Told hosts a podcast called Lead Singer Syndrome.

He announced a solo album in 2015.

== Biography ==
Born in Scarborough, Ontario, a small town in Ontario just outside Toronto, at the age of six he moved with his family to Oakville, Canada when his father found a new job. He currently lives in Toronto. Shane became interested in music when he was 10 years old, thanks to his sister who listened to Black Album by Metallica, which, he said, he immediately felt a connection with upon first listening, as if he had already listened to that CD a million times. He began playing his father's acoustic guitar, and then bought an electric one. He also taught himself to sing (including screaming). He attended White Oaks Secondary School in Oakville, then enrolled in 2000 at the University of Guelph following courses in music, genetics and molecular biology, but dropped out in April 2003 to devote himself full time to music. He approached punk rock thanks to groups like Fugazi and Minor Threat, and became a regular visitor to the local scene.

== Musical career ==
Told's first band was a punk rock group called Jerk Circus. The band, which rehearsed in the basement of Shane's parents' house, achieved a fair amount of success among the local public, with its first album Never Mind the Suburbs in 2001, followed by the EP Everything Is a Travesty with You. He covered "When I Come Around" by Green Day at his first show. In 2002, the band decided to split up at the end of the year, because the members wanted to follow new paths (many of them had joined a ska project that was taking up a lot of time). Shane was among the founders of Silverstein at the age of 19, in 2000. The band was born as a side project of the members who had already played in other local bands.

In 2000, the band released their first self-produced EP, "Summer's Stellar Gaze." Initially, guitarist Josh Bradford was dissatisfied with Shane, believing Silverstein needed a screamer. However, Shane decided to learn how to scream, and with this new style, the band released "When the Shadows Beam" two years later, signing them to Victory Records. During the band's first tour with Safeway Home, Shane sold his car to buy a Dodge van for the band. With their new label, Silverstein released their first album, When Broken Is Easily Fixed, in 2003, which began to gain attention in the emo scene. However, it was with their next album, Discovering the Waterfront (2005), that the band achieved success, thanks to songs such as "Smile in Your Sleep" and "My Heroine" which achieved considerable success worldwide.

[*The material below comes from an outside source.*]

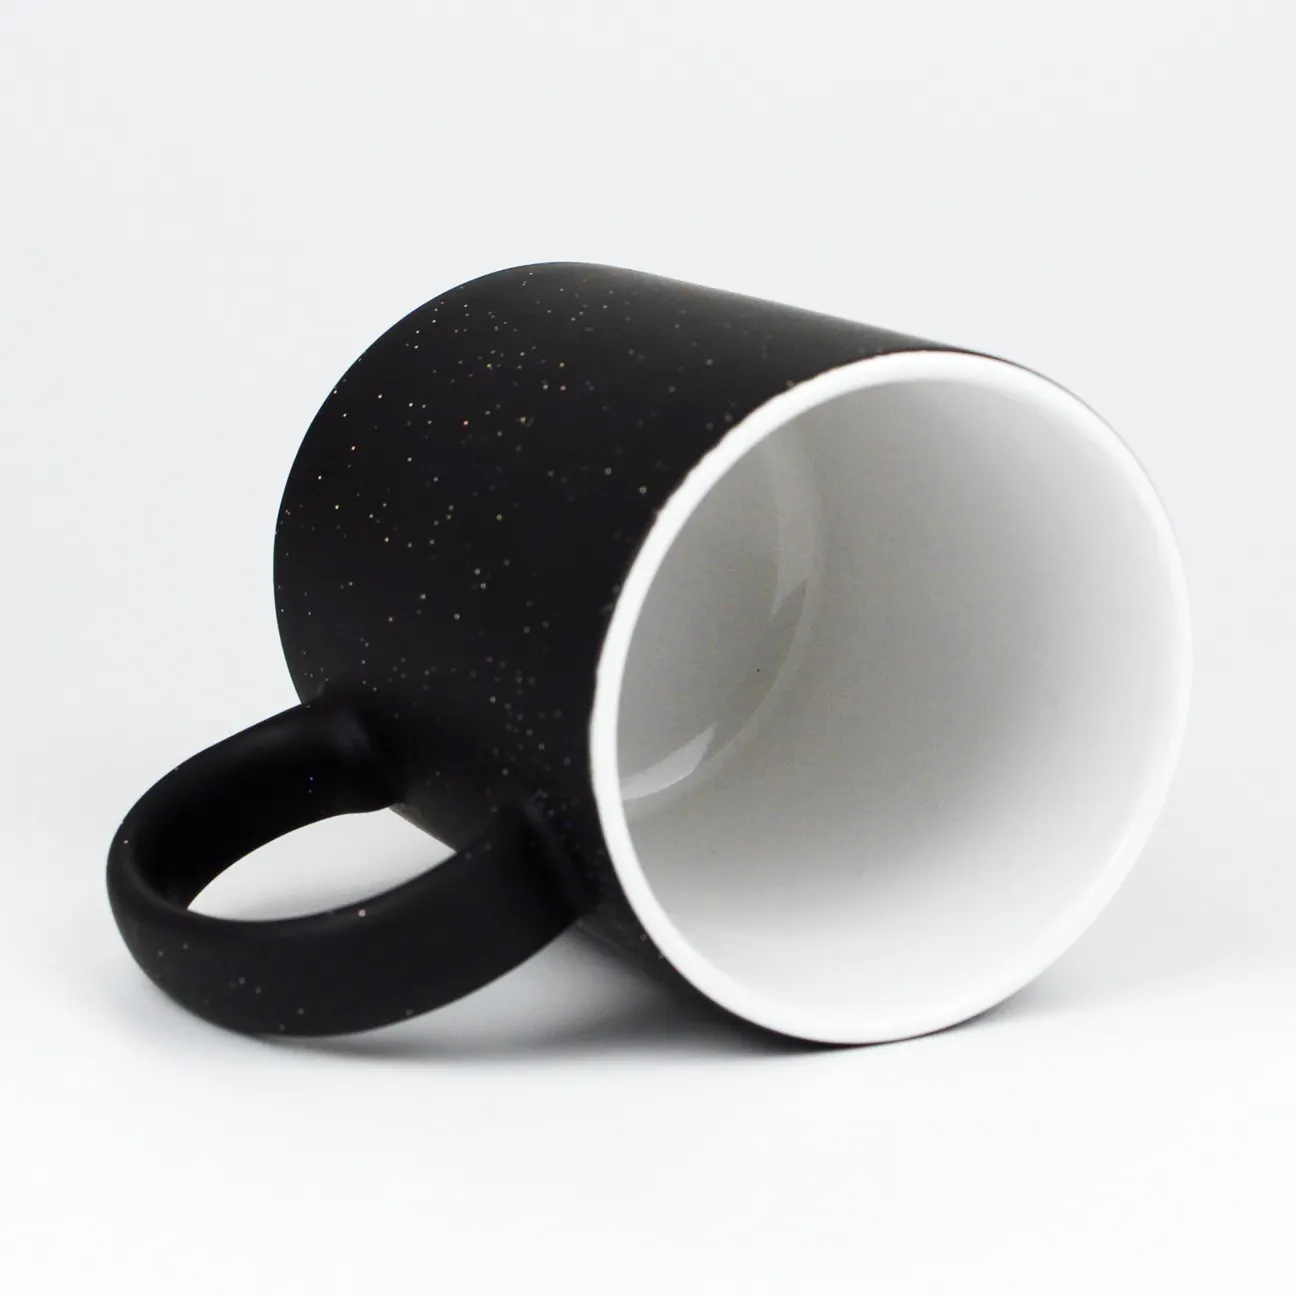 Manufacturer Wholesale Sublimation travel mugs for hot drinks gift set ceramic mugs coffee mug
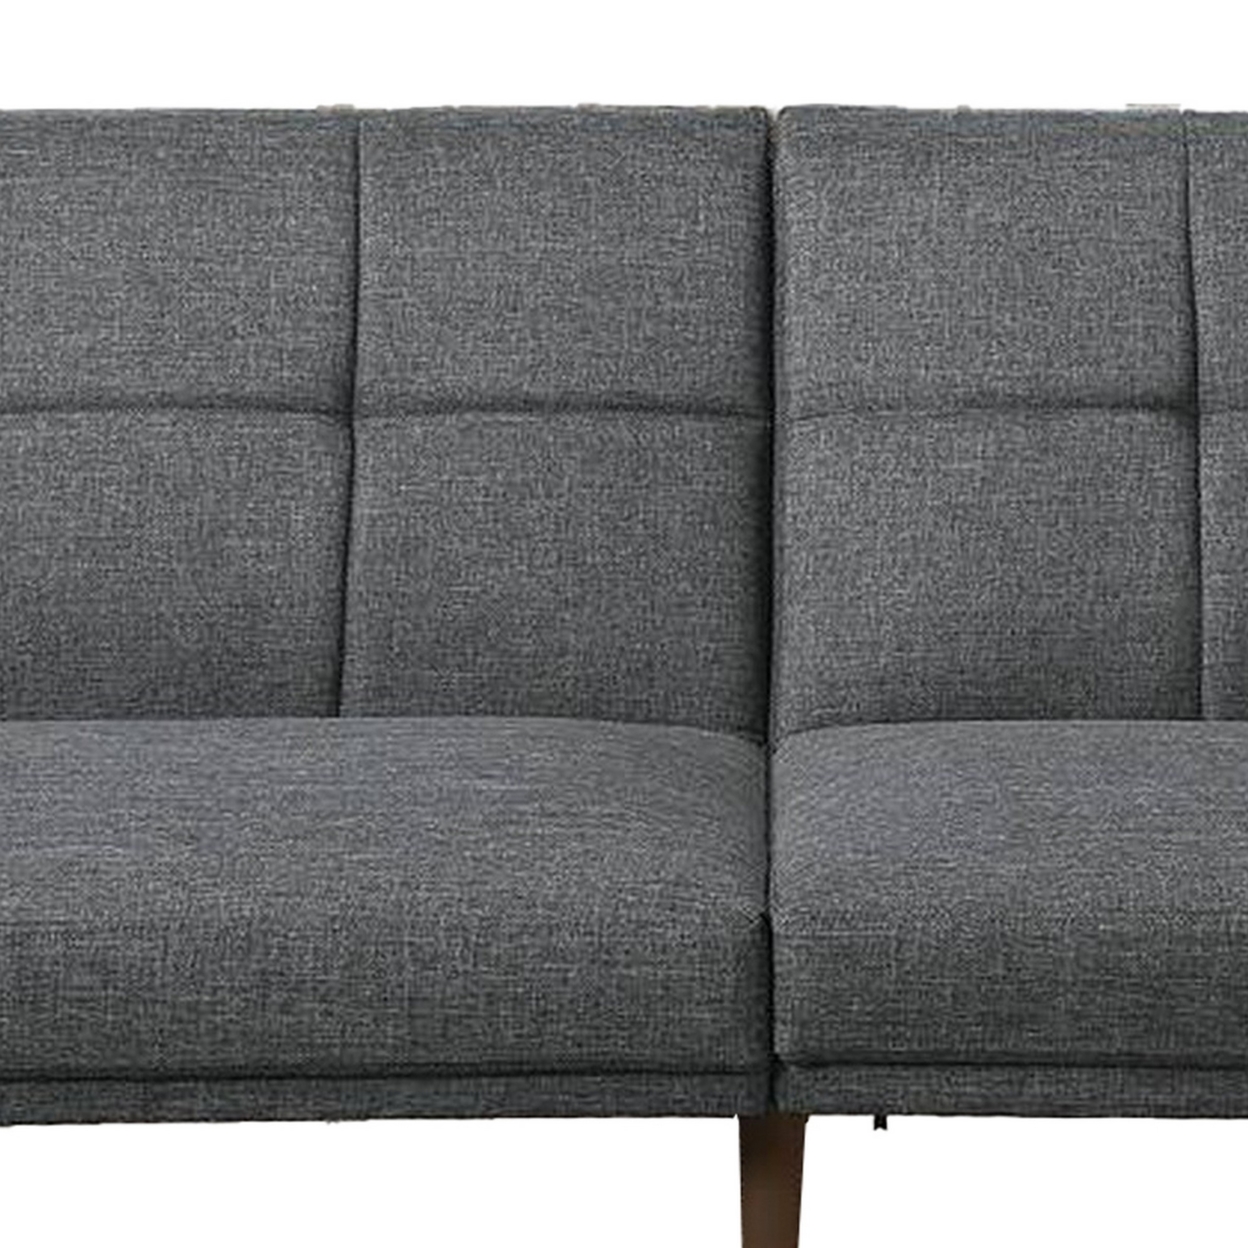 Fabric Adjustable Sofa With Square Tufted Back, Light Gray- Saltoro Sherpi

Towards the end of the year, Shane announced that he had created his own label, called Verona Records, to help young and talented bands in his area trying to emerge. The first contract was made with an Ontario band called "Dead and Divine". That same year, he appeared as a guest vocalist on the song "Pictures of You" by No Assembly Required.

==Artistry==
Told's vocal style incorporates both melodic singing and screaming, usually alternating between the two throughout a track. The first time he was exposed to harsh vocals was through the song "Angel of Death" by thrash metal band Slayer. His first experience with screaming was in a contest held at Warped Tour. To avoid irritating his housemates, Told said he would travel to remote areas to practice screaming in his car. He stated that this habit attracted police attention on several occasions, though these encounters reportedly passed without further incident.

== Personal life ==
Told enjoys hockey and pinball as hobbies.